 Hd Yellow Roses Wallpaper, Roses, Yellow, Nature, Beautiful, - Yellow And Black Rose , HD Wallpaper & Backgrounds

--

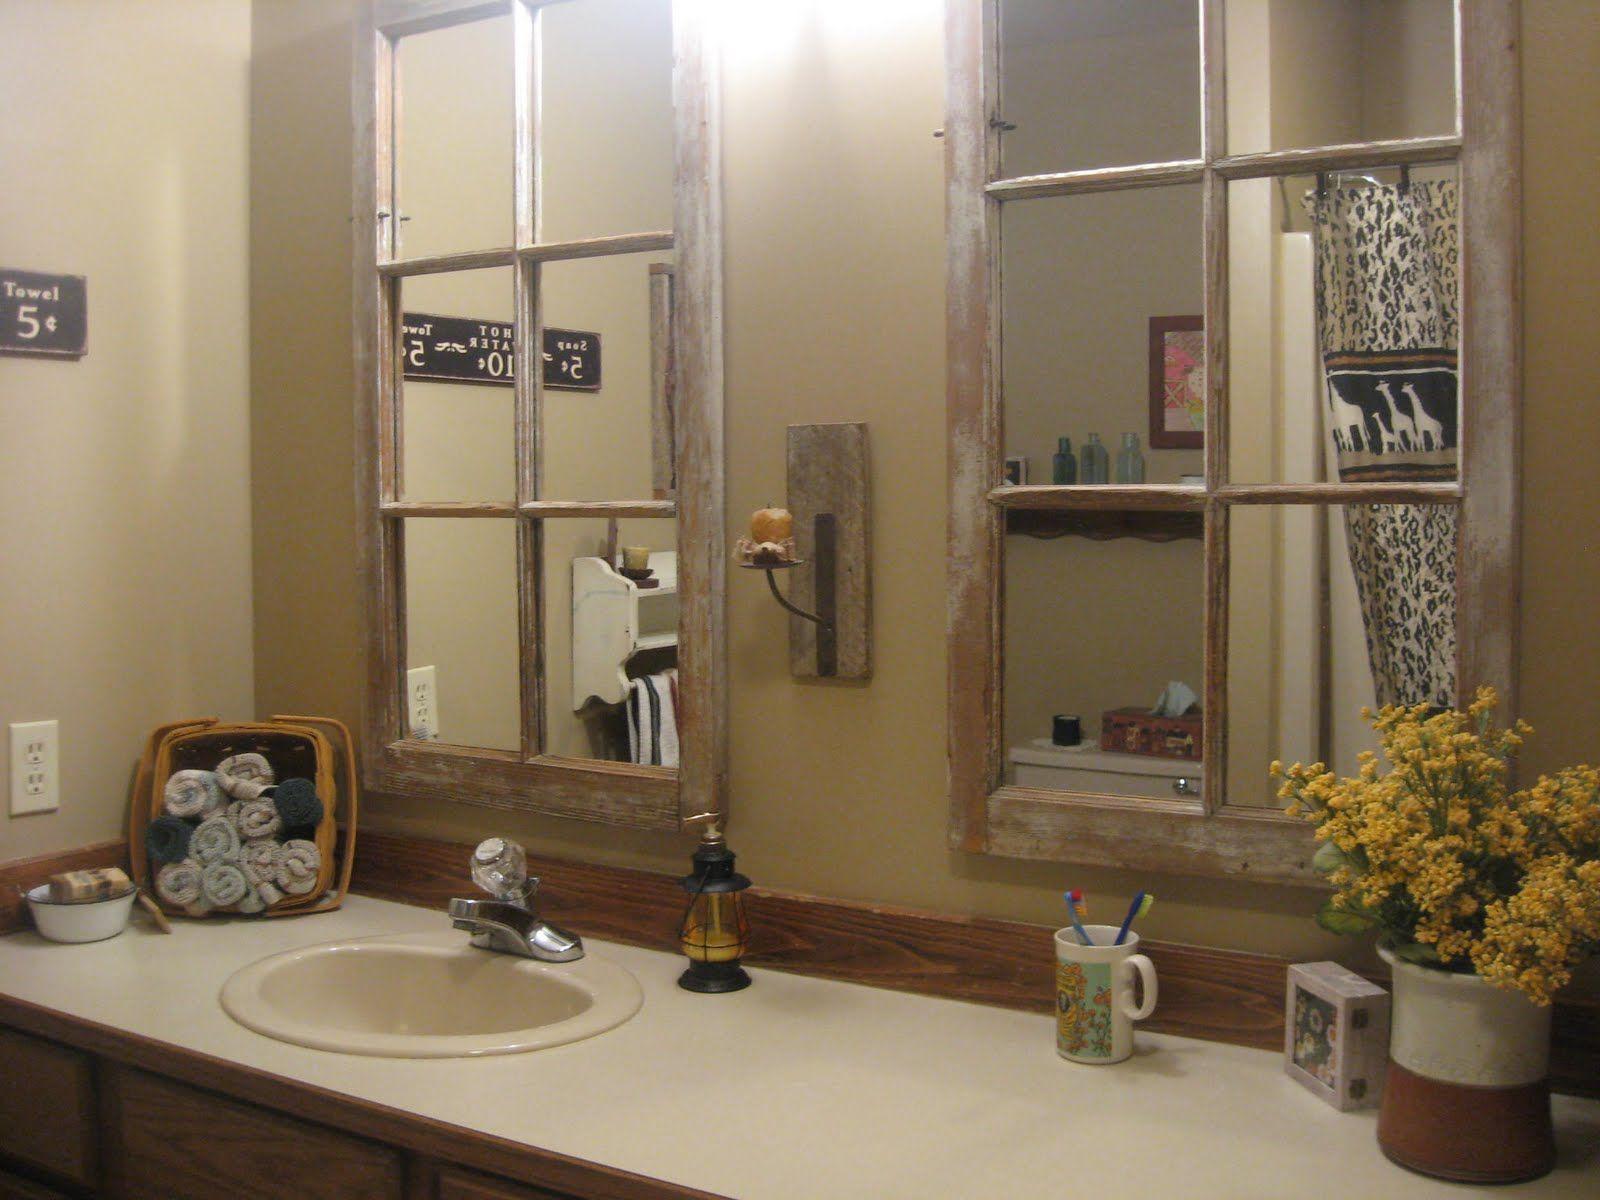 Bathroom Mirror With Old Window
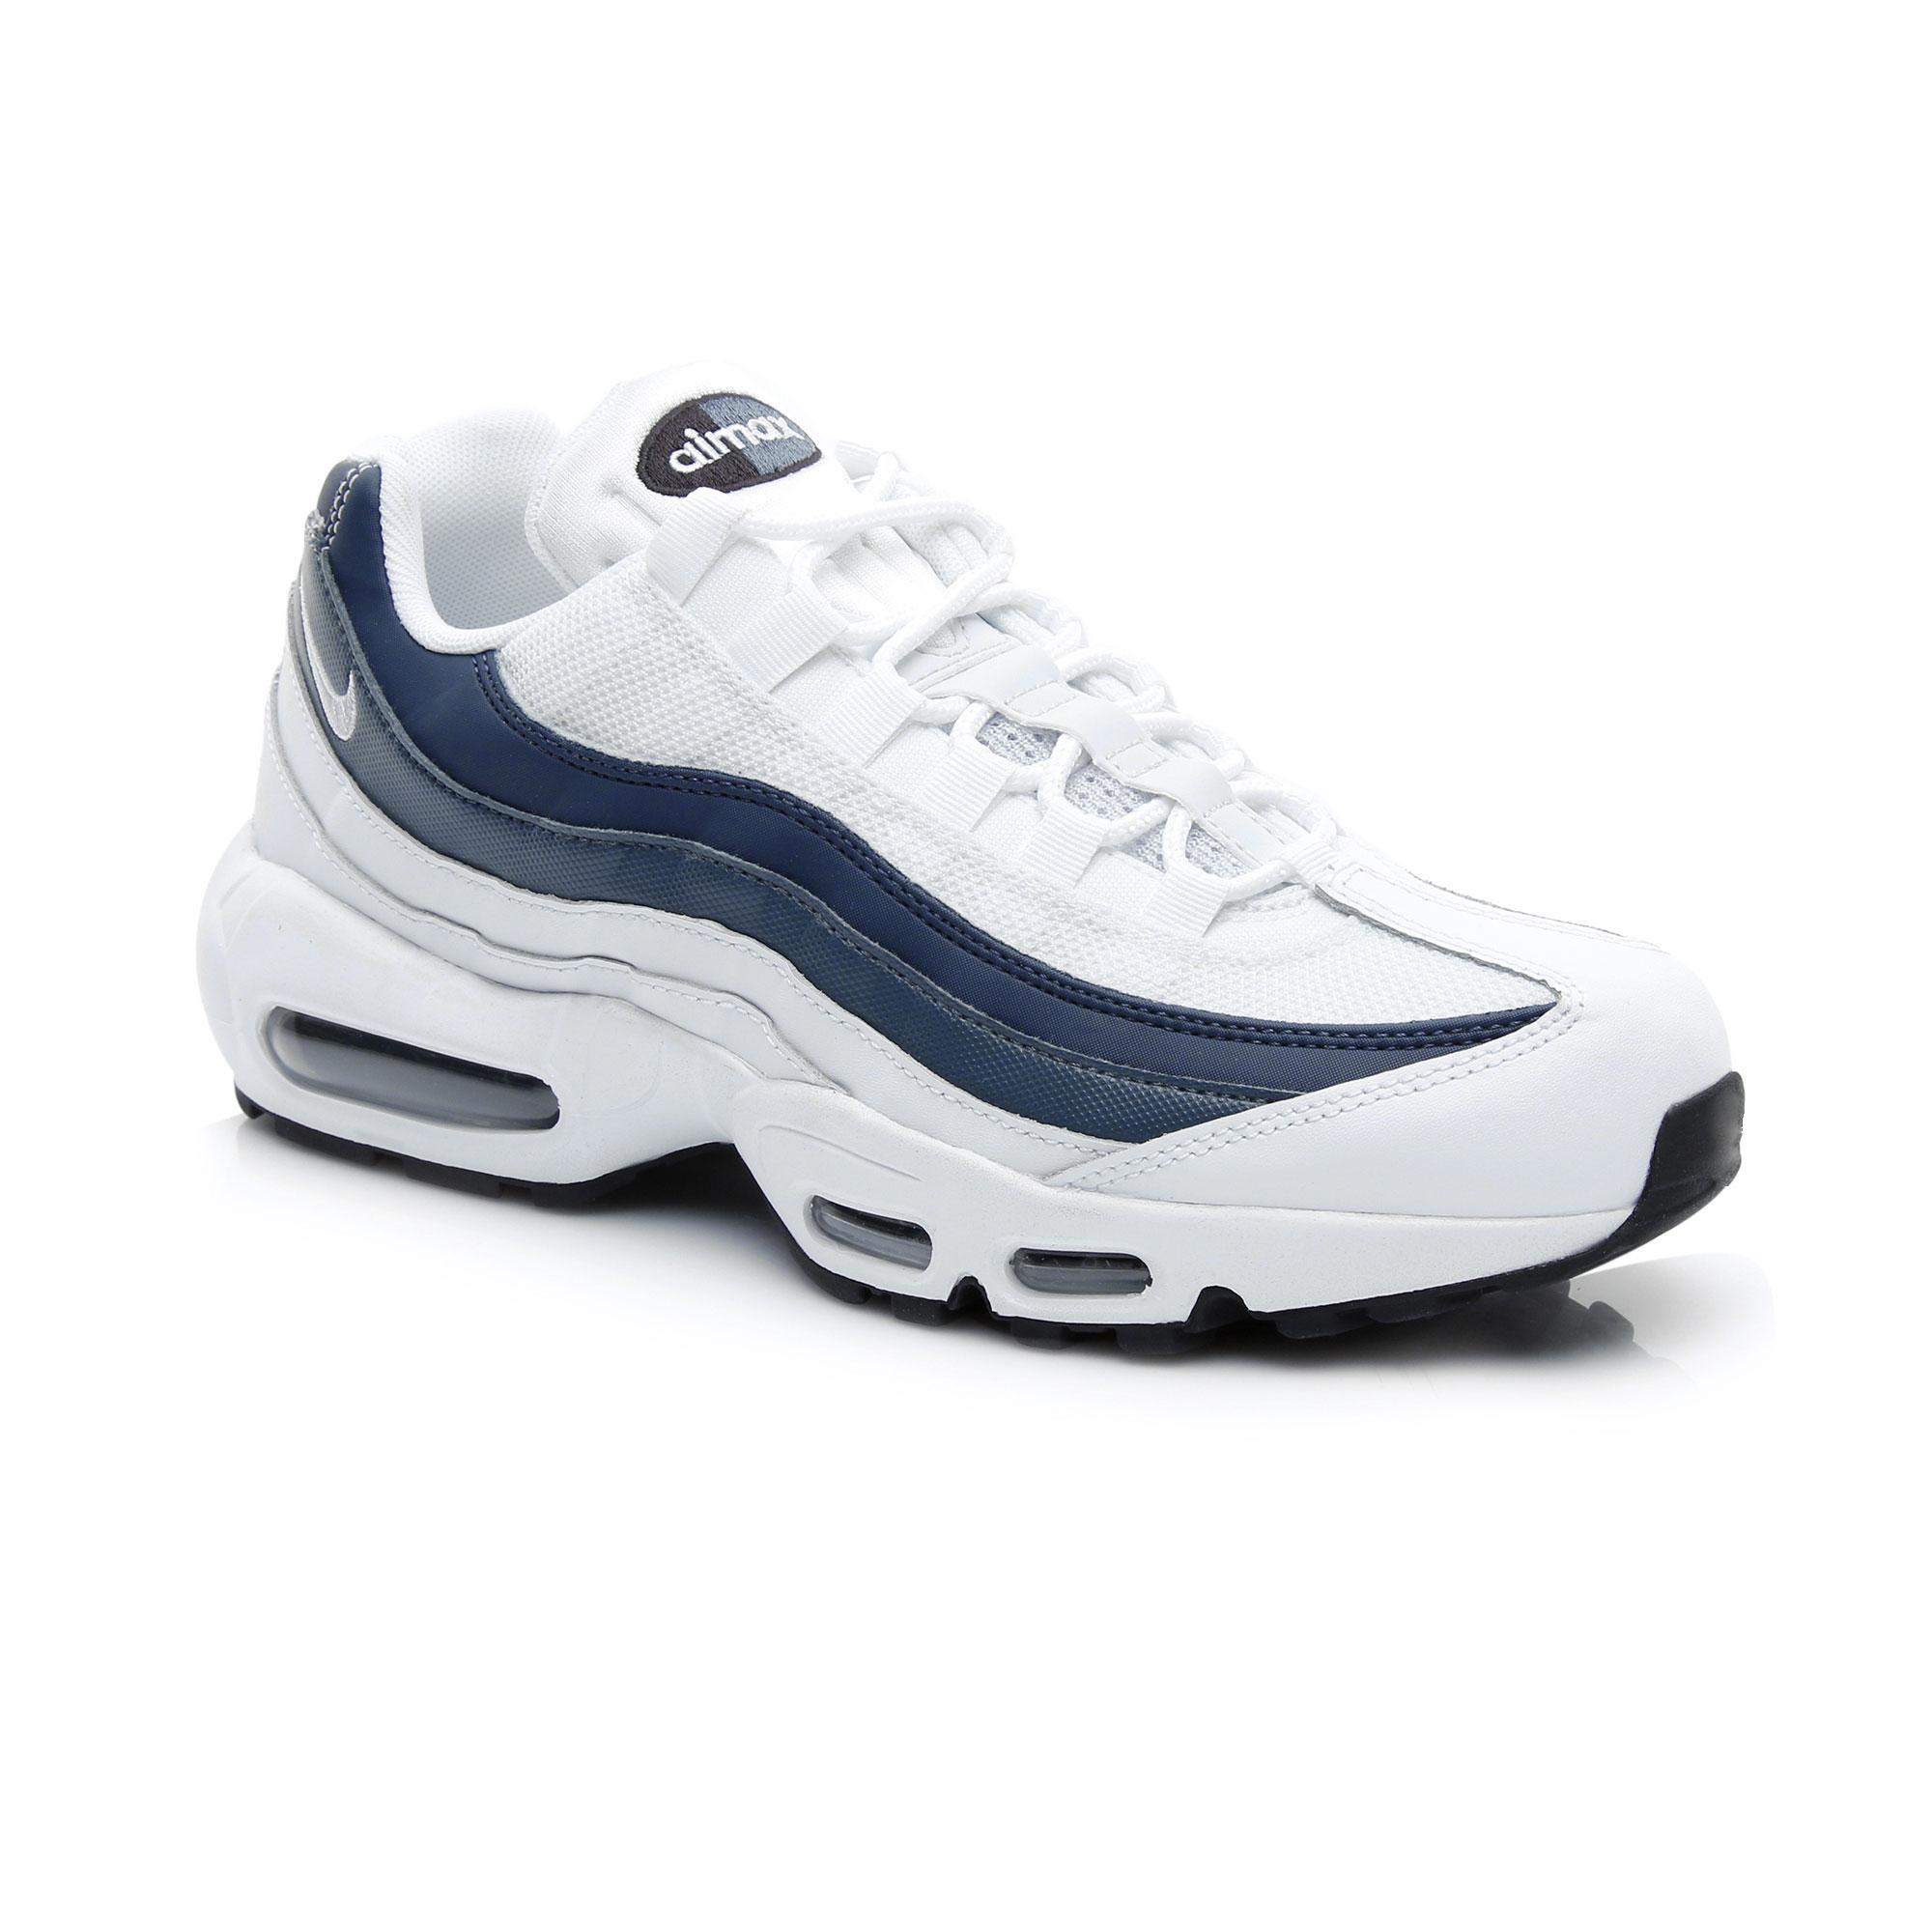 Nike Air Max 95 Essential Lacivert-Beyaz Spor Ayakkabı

[AIM OF THE TASK]
Copy only the lines above from the one containing "Bathroom Mirror With Old Window" through the one containing "Nike Air Max", both included. Leave out the pictures.

[OUTPUT OF THE TASK]
 Bathroom Mirror With Old Window
 Nike Air Max 95 Essential Lacivert-Beyaz Spor Ayakkabı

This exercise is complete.